• Insurance Squabble


    LOS ANGELES (CNS) – Mercury Casualty Co. owes thousands of dollars in
    damages to 49 claimants underpaid  by the insurer after their homes were
    damaged by residue from the 2009 Station Fire, an attorney told a jury today.
    “Mercury was looking for excuses not to pay the claims or to pay as
    little as they could possibly get away with,” lawyer Michael Cohen said during
    his final argument in trial of his clients’ lawsuit against the company.
    Cohen recommended damages ranging from $8,600 to $36,000 to make his
    clients whole, plus another two to three times their individual damage amounts
    to each for their emotional distress.
    The plaintiffs’ homes were not damaged by the flames, but instead by
    smoke, soot and ash. They lived in an area roughly spanning from Pacoima to
    Pasadena.
    An attorney for Mercury will give his closing argument this afternoon.
    In his opening statement in early May, defense lawyer John Hager said a public
    adjusting firm, Advantage Loss Group, inflated claims and signed up most of the
    people who eventually sued Mercury in December 2010. He also said the
    plaintiffs were compensated fairly and that some claims were brought nearly a
    year after the fire began.
    In their court papers, attorneys for the plaintiffs say many of their
    clients found out later that their damages were worse than originally believed.
    The lawyers also contend that Mercury used only two industrial hygienists to
    inspect each claim and that each report contained nearly identical results,
    regardless of how far a residence was from the fire.
    “It was designed to pay far less than what could be reasonably taken to
    restore their homes to the condition they were in before the fire,” Cohen
    said. “They pre-judged each of these claims and treated them as if they were
    fraudulent claims from the very beginning.”
    Cohen also said Mercury did not meet its ethical obligations to customers.
    “The company put their interests ahead of the claimants throughout this
    process,” Cohen said. “Every Mercury employee was given an incentive to pay
    as little as they could.”
    Five of the 49 claimants received no money from Mercury at all because
    their damage was not considered severe enough, he said.

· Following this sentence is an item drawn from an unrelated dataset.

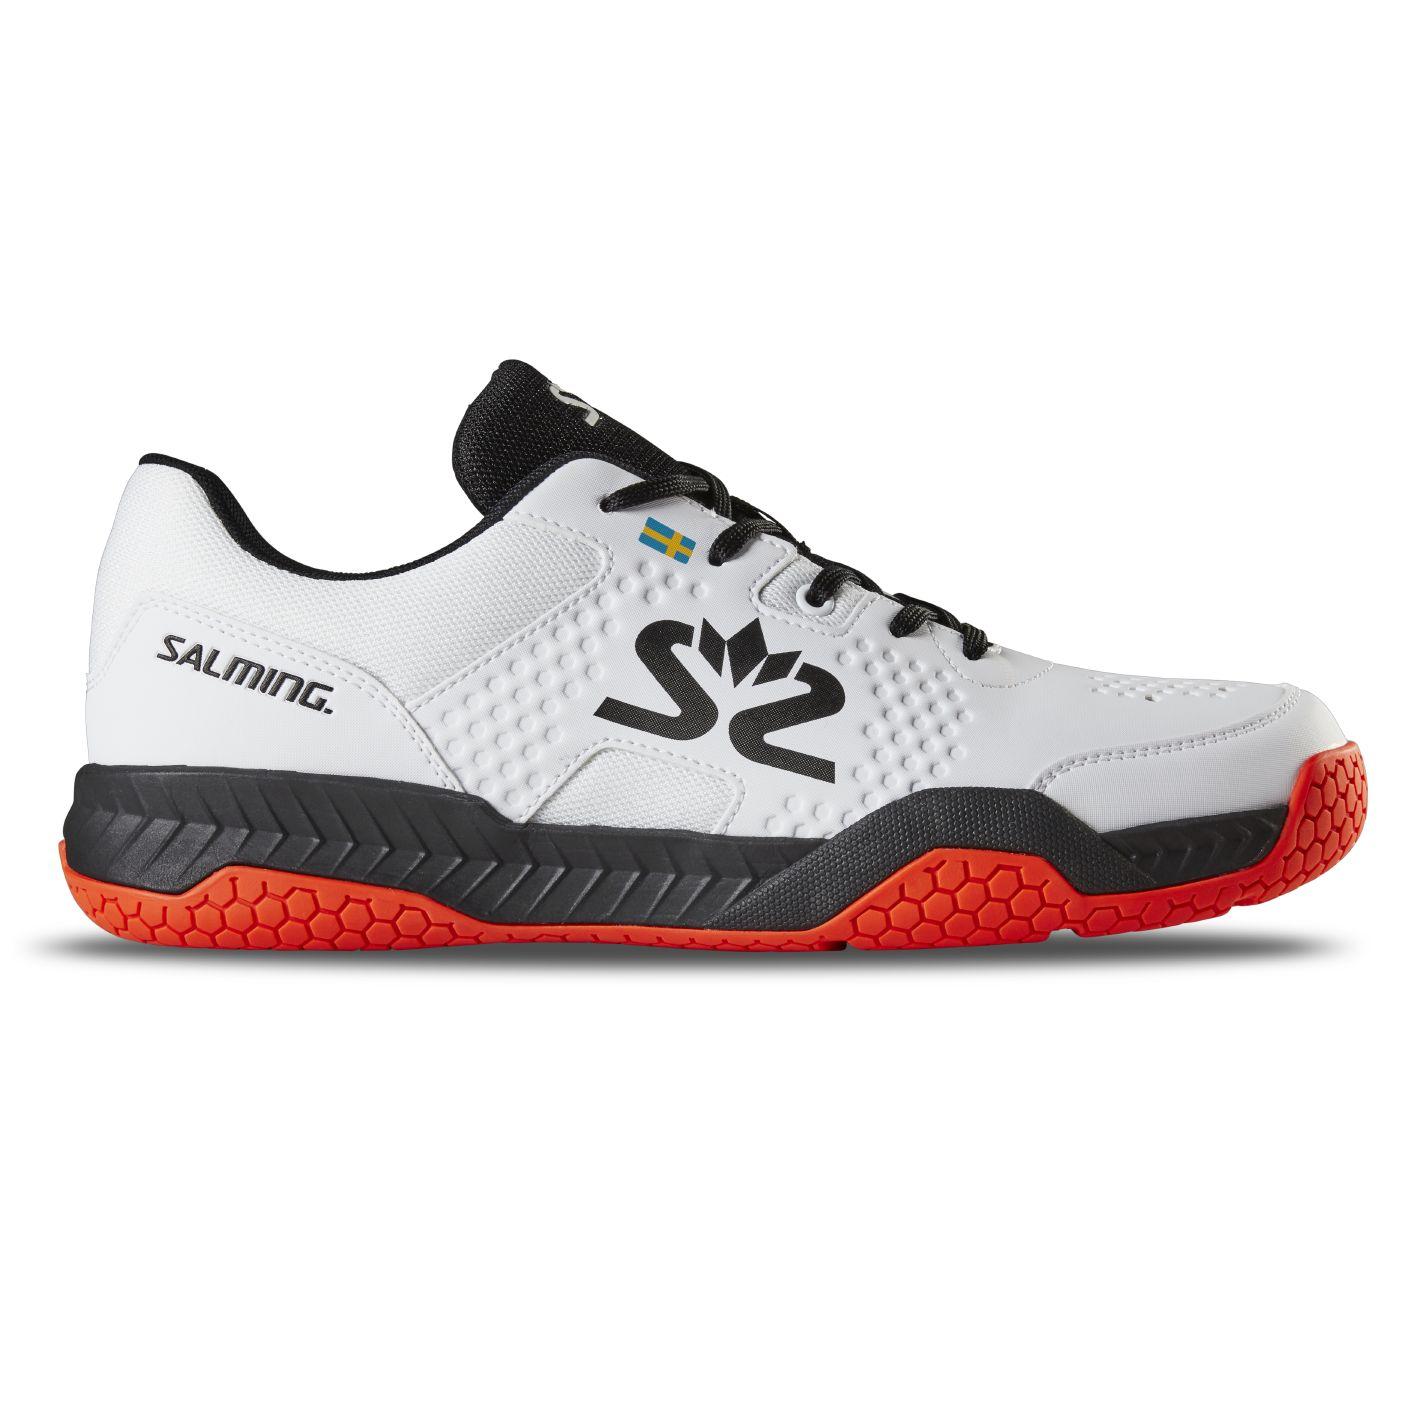 Salming Hawk Court Shoe Men White/Black 9 UK - 44 EUR - 28 cm
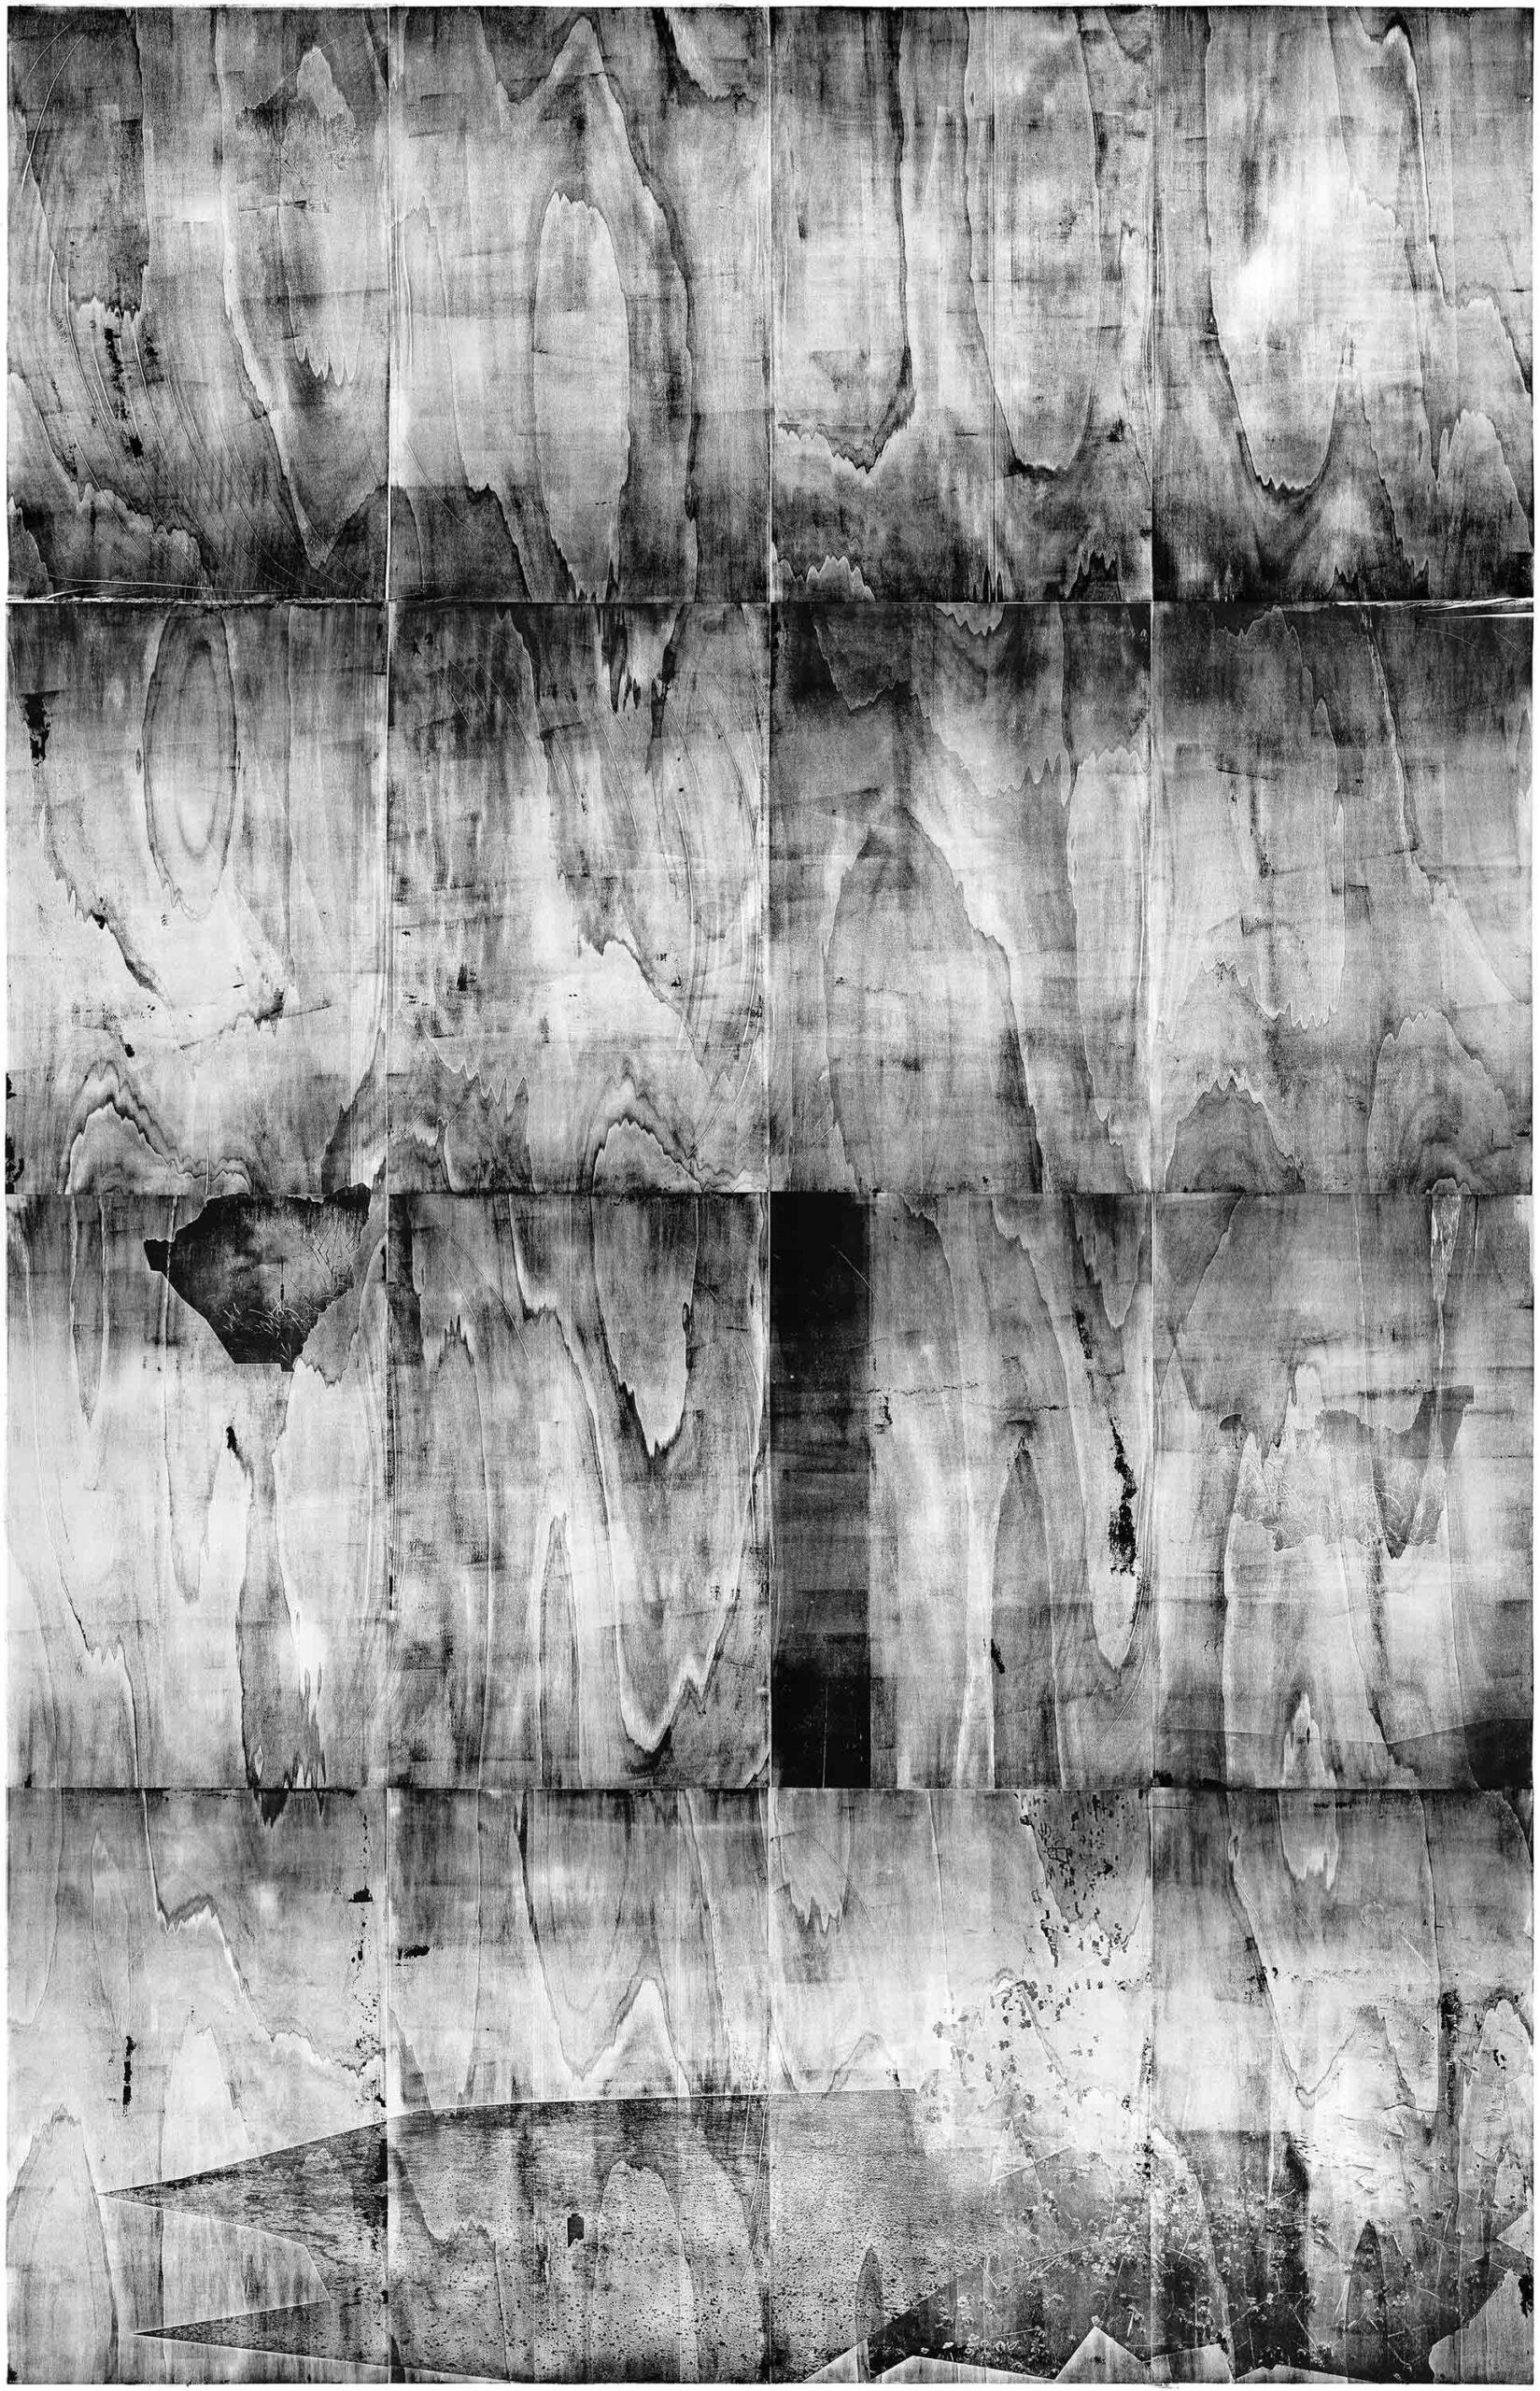 Swim in the water and see the sky, 2020, wood engraving, 393,2 x 260,1 cm, Genaro Strobel

    Instead of following the insurance industry standard and using Xactimate
    software to calculate the claimants’ losses, Mercury hired a small cleaning
    company with no experience in restoring smoke-damaged homes, Cohen said. The
    company gave cleaning estimates that did ignored damage to walls, ceilings and
    mattresses, he said.
    The Station Fire began along Angeles Crest Highway and eventually became
    the largest blaze ever in Los Angeles County in terms of the amount of land
    burned — more than 160,000 acres, according to James McMullen, a fire
    protection consultant who testified earlier in the trial.
    McMullen said the fire began on Aug. 26, 2009, in a ravine, and
    firefighters had to battle steep terrain and sharp updrafts of wind.
    The fire, which was not contained until Oct. 16, 2009, burned 250 square
    miles, destroyed more than 200 structures, including 89 homes, wiped out the
    community of Hidden Springs, and killed two Los Angeles County firefighters
    trying to protect their mountain camp.